Carlo-Maria (Charles-Marie) Buonaparte (1746-85) was a minor official in the local courts. His nobility was confirmed in 177*. The arms of the Buonaparte family were: Gules two bends sinister between two stars or.

He married Laetizia Ramolino (1750-1836) in 1764 and by her had 8 surviving children, the second of whom was Napoleon Bonaparte.
In 1804 Napoleon changed the arms of his family to Azure an imperial eagle or. The family name became Napoleon. Were included in these changes all the members of his family which were officially part of the Imperial family, namely all his siblings except Lucien Bonaparte, as well as the child of Jérôme Bonaparte by his first (and unauthorized) marriage.

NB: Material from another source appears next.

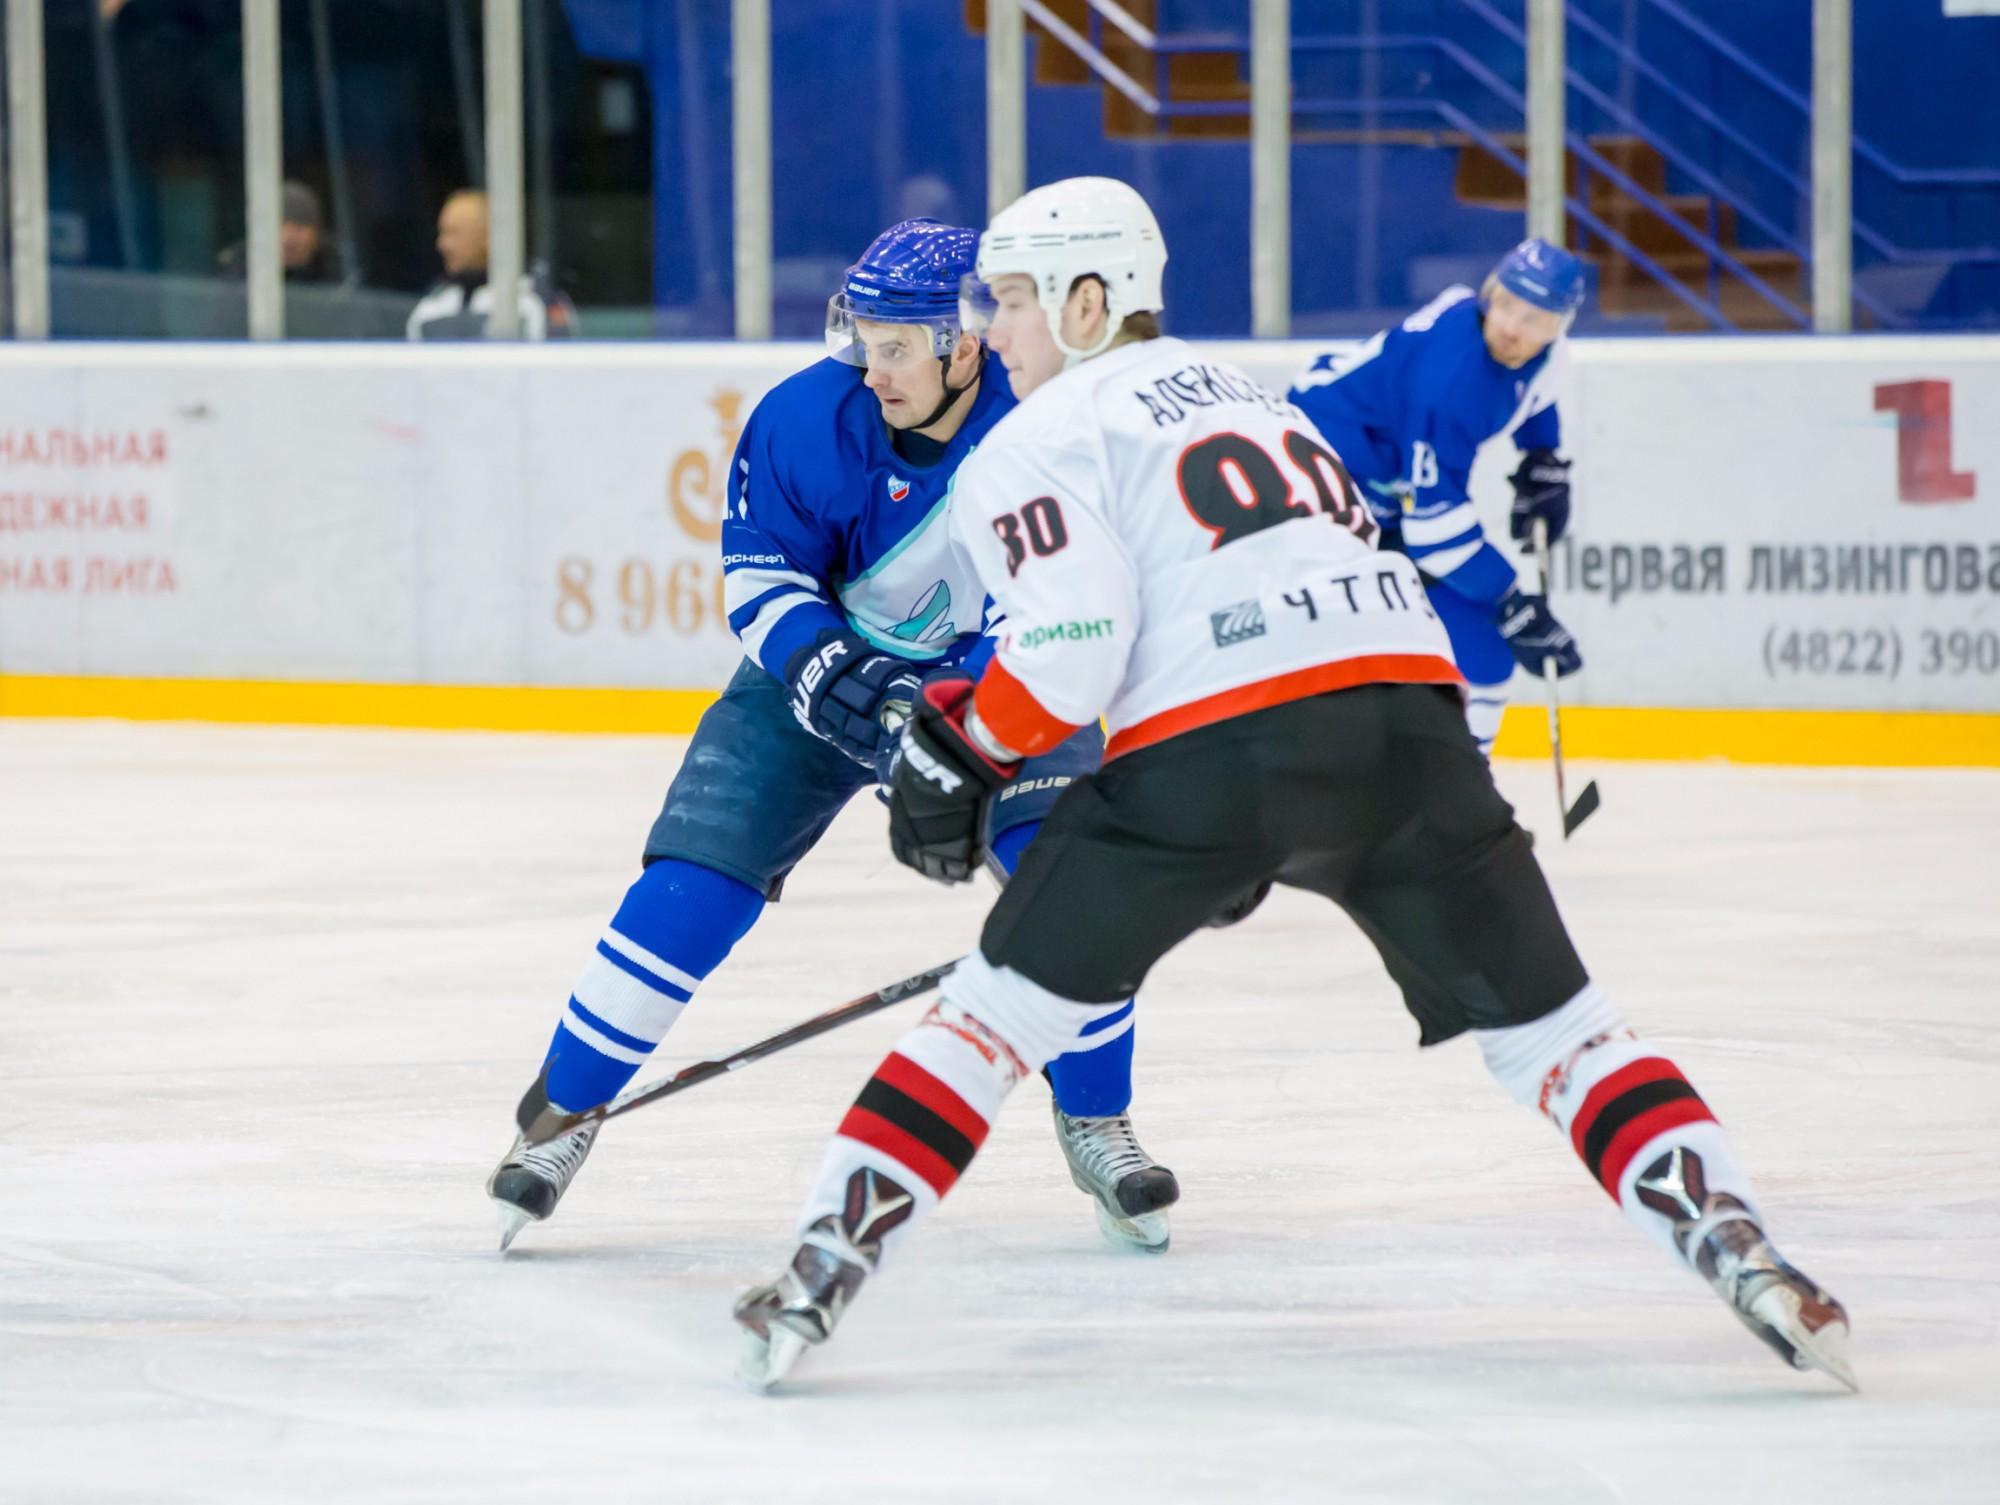 нормально поставленного фото леднева вадима хоккеиста тверь уверены
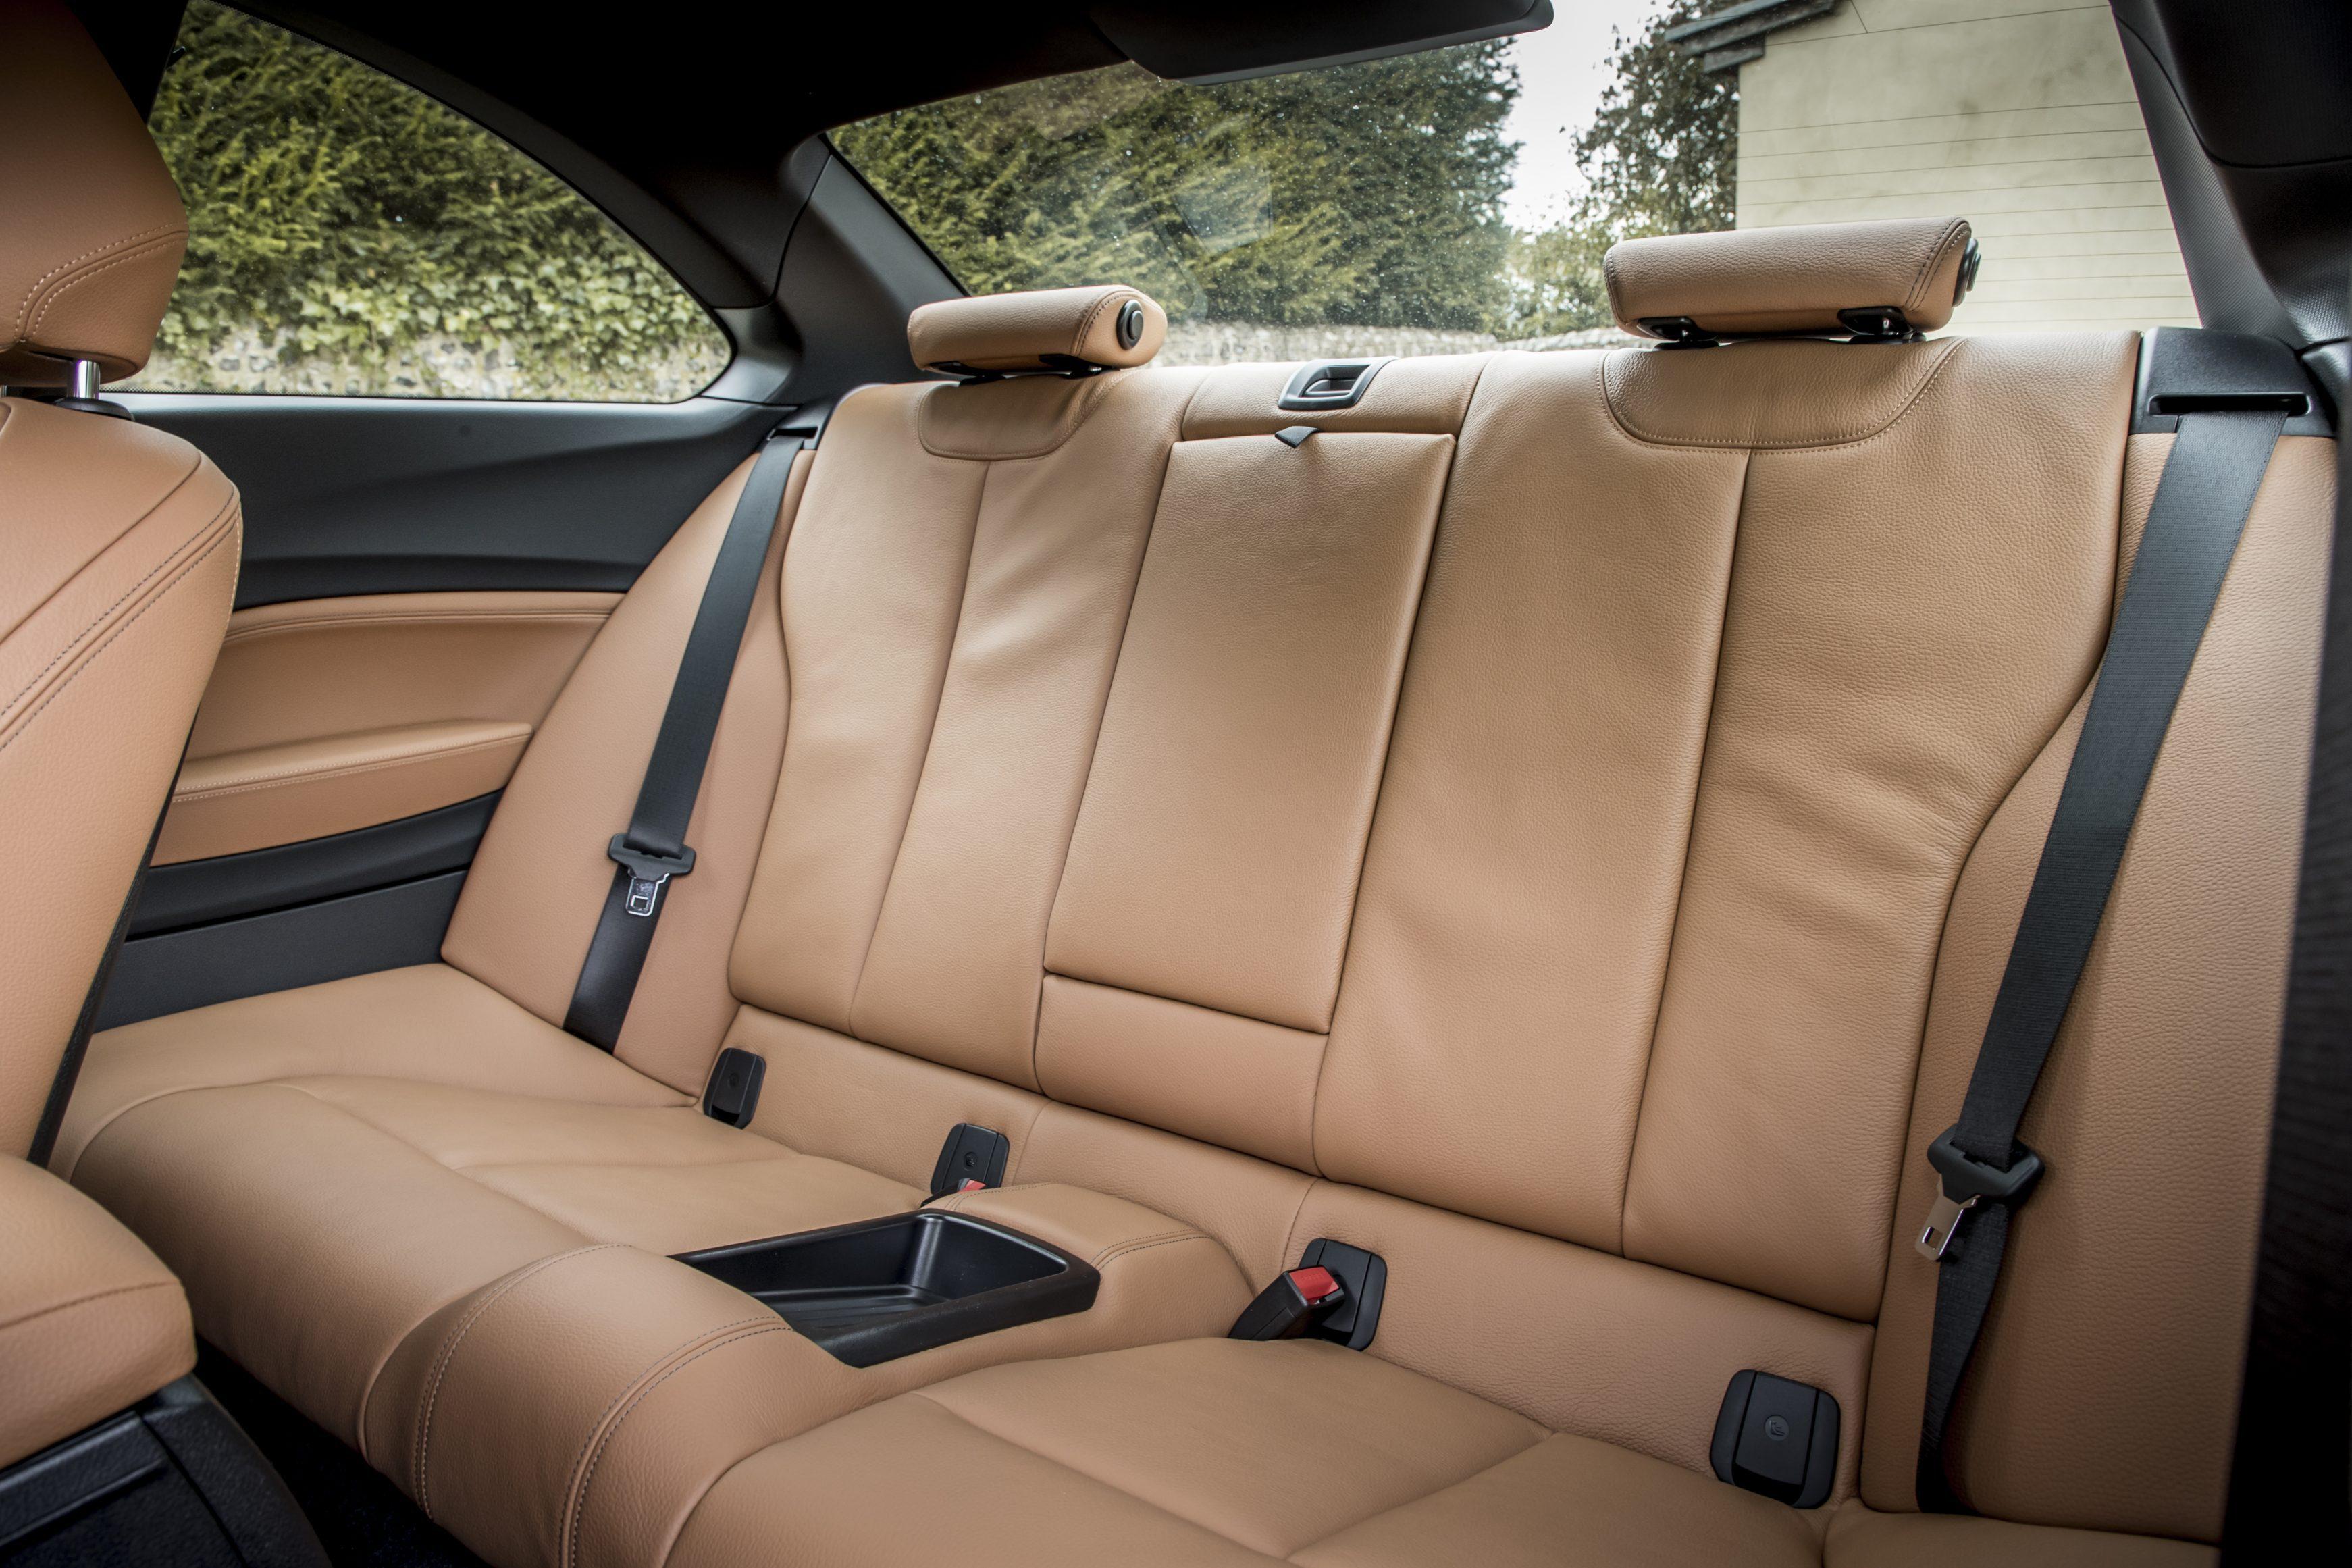 BMW 2 Series backseats

The current head of the family is the prince Napoleon (Charles, b. 1950), great-great-grandson of Jérôme by his second marriage; he has a son Jean (b. 1986) and a brother Jérôme (b. 1957), unmarried. There are no remaining descendants in male line from any other of Napoleon's brothers.
The Bonapartes of Baltimore
Jérôme Bonaparte (1784-1860), Napoleon's youngest brother, was a lieutenant in the French Navy in 1803, fighting in the Carribbean. To avoid capture by the British he was forced to land in the US: he arrived in New York, and then went to Baltimore to meet an American whom he befriended in the French Navy. There, he met Elizabeth Patterson (1785-1879), daughter of William, Irish immigrant, gun-runner during the Revolution and by then the wealthiest man in Maryland after Charles Carroll of Carrolton. They met at a party, fell in love, and within 2 months got married (he was 19, she was 18). The marriage took place on Christmas Eve 1803, in the Baltimore Cathedral, with the archbishop of Baltimore performing the ceremony.
Jerome's brother Napoleon (not yet emperor) was furious: he intended to marry off his family according to his political designs. He had the marriage annulled by the French courts, ordered his brother back without "the young person". Jerome went back, with Betsy: she was denied landing in continental Europe and had to go to London, where she gave birth to a son in 1805. Jerome gave in to his brother, returned to the French Navy and forgot about Betsy. He was subsequently made an Imperial Prince, married Frederica Catherine, daughter of the King of Württemberg in 1807, and became King of Westphalia (1807-13). Betsy returned to Baltimore with her son.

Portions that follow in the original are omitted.